TEN56. Vient nous parler de son nouvel album IO, veritable tournant pour le groupe, et « libératoire » pour Aaron Matts son créateur.
Une interview réalisée conjointement par JérômeK et ThibautK (Musicwave)
Photos Stéphan Birlouez

On vous a tous rencontrés dans d’autres différents projets mais jamais concernant Ten56. A cet égard, quelle est la question qu’on vous a trop souvent posée et à laquelle vous auriez marre de répondre ?
Aaron Matts : D’où vient le nom du groupe ?
Et on ne vous la posera pas (NdStruck : Le nom du groupe fait référence au code « 10-56 » de la police américaine pour signaler un suicide ou une suffocation, ce titre a fait l’objet d’un morceau du groupe Villains qui a fortement inspiré Aaron Matts). Votre actualité est la sortie de votre second album « IO ». Quelle est la signification de ce titre : « Input / Output », « 1/0 », ou « allumé/éteint » ?
Luka Rozaka : C’est un peu comme vous voulez et c’est ce qui est cool.
Aaron : À la base, on parlait entre nous et on s’est dit que c’était peut-être un peu trop tôt et prétentieux de faire un titre éponyme. On a malgré tout commencé à jouer avec le mot « Ten », on a commencé à jouer avec des chiffres et Luka -de son côté- jouait sur Photoshop et il a fini par mettre le 1 et 0 ainsi qui donnait l’impression d’une sorte d’interrupteur.
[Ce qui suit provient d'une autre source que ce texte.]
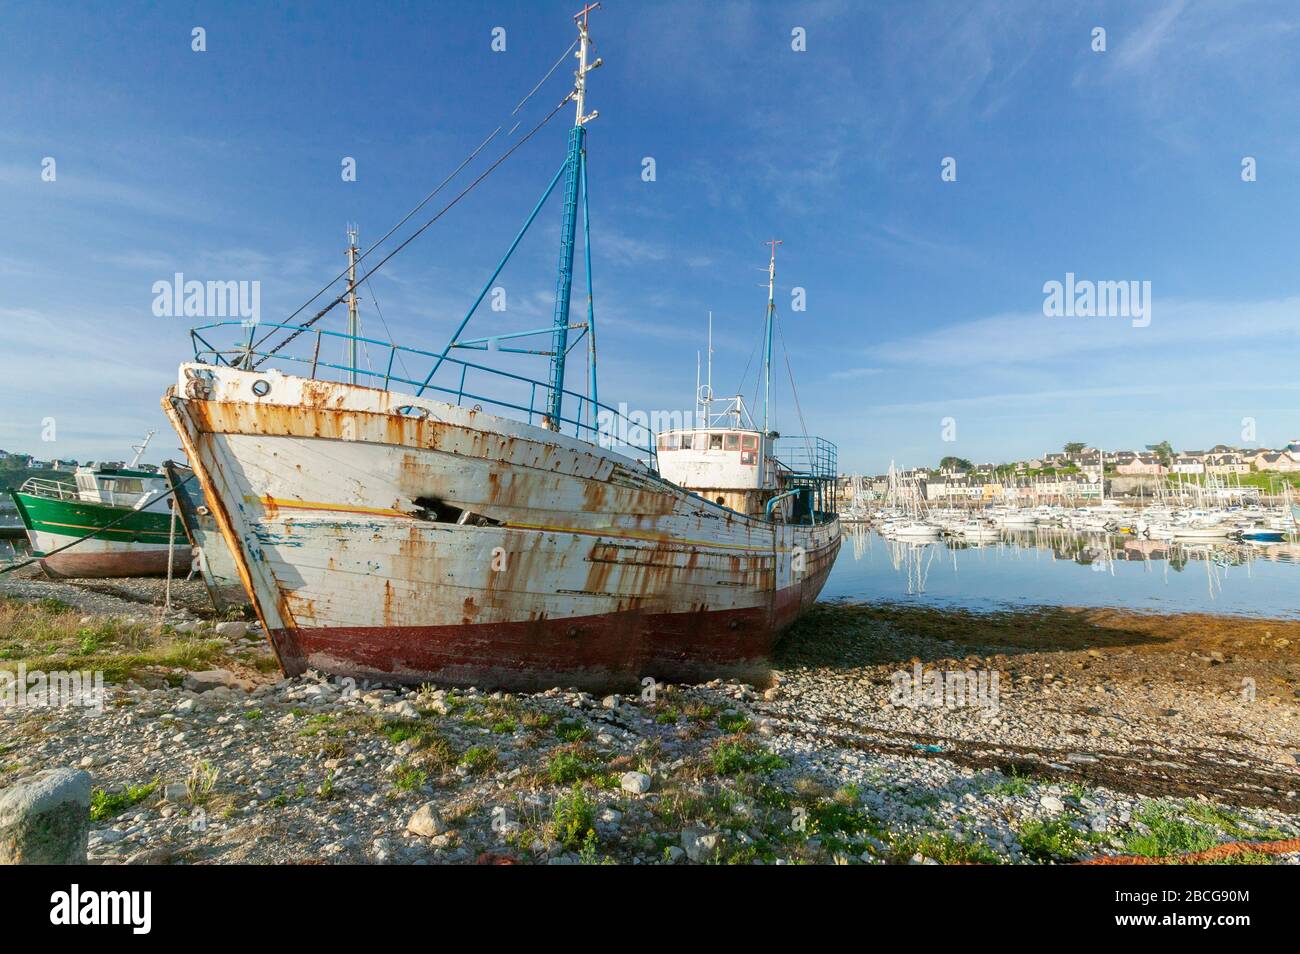 Bateaux de pêche pourris sur la plage du pittoresque village breton de Camaret sur mer, Britanny, France Banque D'Images

C’est parti ainsi. Les gens vont dire « IO » mais à la base c’est « 10 ».
Luka : L’idée de base était effectivement « 10 » et en essayant de faire des visuels autour : on arrive à quelque chose qui ressemble à « On / Off » et on a trouvé ça cool parce que tu peux l’interpréter comme tu veux…
A l’inverse du premier album où on avait presque tout révélé, cette fois-ci, on avait envie d’en garder un petit peu
A propos d’album, après la sortie de l’album « Downer » qui était la réunion de deux EPs, vous avez ensuite privilégié la sortie de singles et nous nous n’attendions plus d’album de votre part. Pourquoi ce retour à la sortie d’album ?
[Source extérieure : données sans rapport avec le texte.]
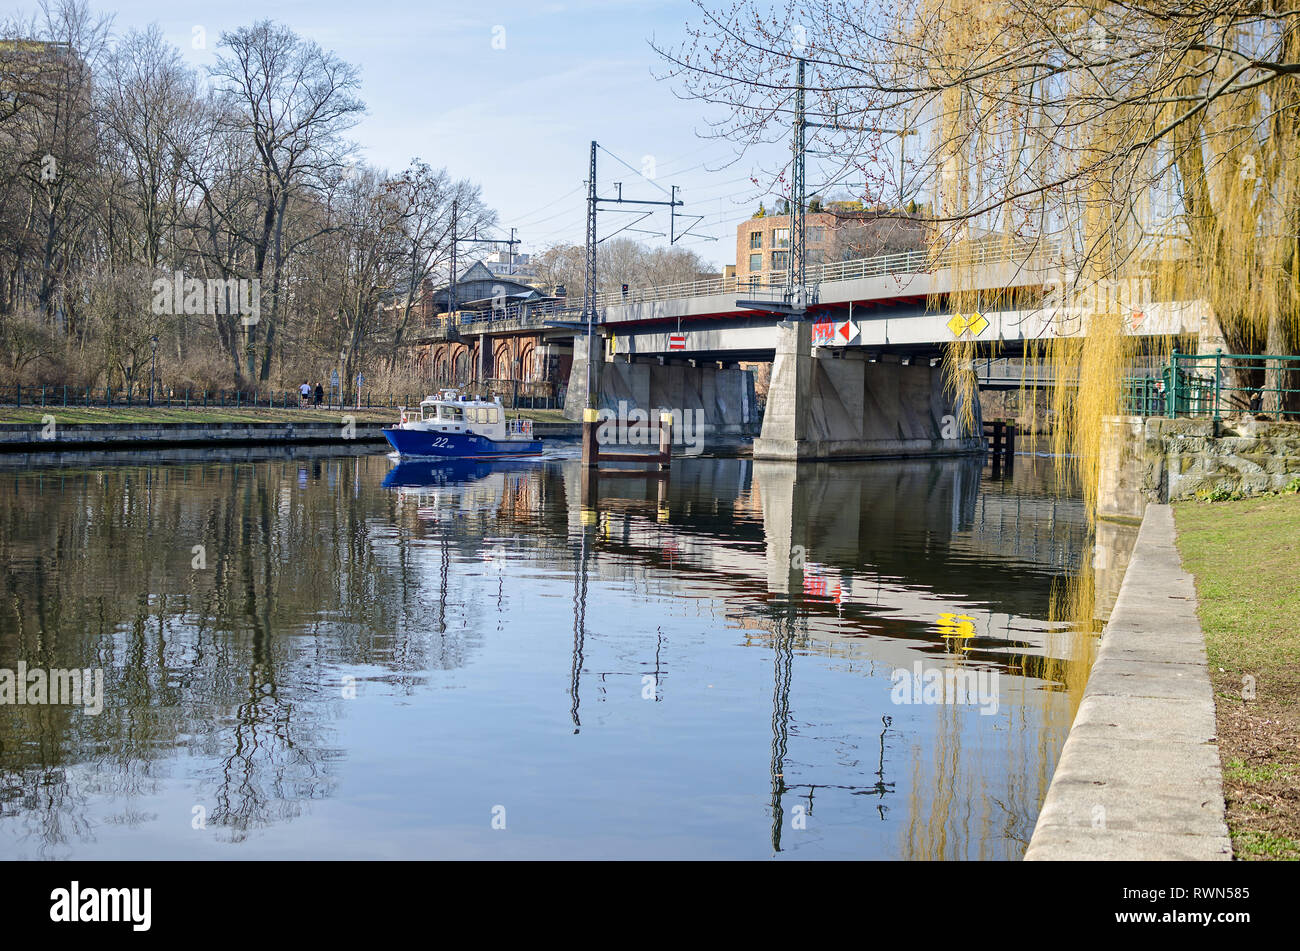 Berlino, Germania - 17 Febbraio 2019: Embankment Bellevue Ufer del fiume Spree con la scatola di acciaio trave ponte ferroviario Bellevue e una barca di polizia. Foto Stock

Quentin Godet : C’est toujours un peu le cas. On est toujours sur ce type de format dans sens où le premier single de cet album est sorti il y a un an ou un an et demi. Donc on est toujours dans cette démarche…
Arnaud Verrier : On a remarqué que c’était même assez nécessaire vis-à-vis des gens qui nous écoutent c’est-à-dire qu’ils ne voient jamais un single en tant que tel, il faut que ça s’aligne à une sortie et à un plus gros volume de musique. Et nous, à l’inverse du premier album où on avait presque tout révélé, cette fois-ci, on avait envie d’en garder un petit peu de façon à pouvoir offrir un album aux gens, où ils avaient beaucoup de nouveautés à découvrir.
Tu évoquais une démarche vis-à-vis du public, n’était-ce pas également une demande de votre label ?
Arnaud : Non, de souvenir, je crois que le label voulait plutôt qu’on sorte tous les morceaux de l’album en single.
Aaron : Non, c’est vraiment une demande du public. Beaucoup de gens nous demandent des albums alors que nous pensions qu’en faisant que des EPs, ça nous permet de rester dans l’actualité en permanence et évoluer petit à petit et ne pas avoir de trop gros changements dans les thèmes avec deux ans d’écart entre chaque album. Nous nous disions qu’on pouvait changer un peu de style par EP.
La volonté était de ne pas de faire une redite du premier album
Et ce deuxième album pousse le curseur de la puissance encore plus loin. Est-ce que c’était votre intention de frapper un grand coup ?
Luka : Le but de ce deuxième album est qu’il ne soit pas exactement le même que le premier mais qui soit quand même du Ten56. en essayant d’explorer les trucs qu’on avait déjà commencé à explorer sur le premier et en essayant peut-être de les pousser un petit peu plus loin. Je ne sais pas c’est réussi ou non mais la volonté était de ne pas de faire une redite du premier album et d’essayer de marquer un coup en proposant quelque chose de différent.
A notre sens, votre album est massif et puissant. Est-ce qu’avec ce dernier, vous tentez de participer à la “loudness war” ?
Aaron : Non, ça ne nous intéresse pas !
Luka : Pourquoi ? On est très bien placé dans cette guerre ?

Par rapport à vos amis d’Ashen avec qui vous avez collaboré sur leur titre ‘Sacrifice’ extrait de leur premier album, Ten56. est un cran au-dessus en termes de puissance…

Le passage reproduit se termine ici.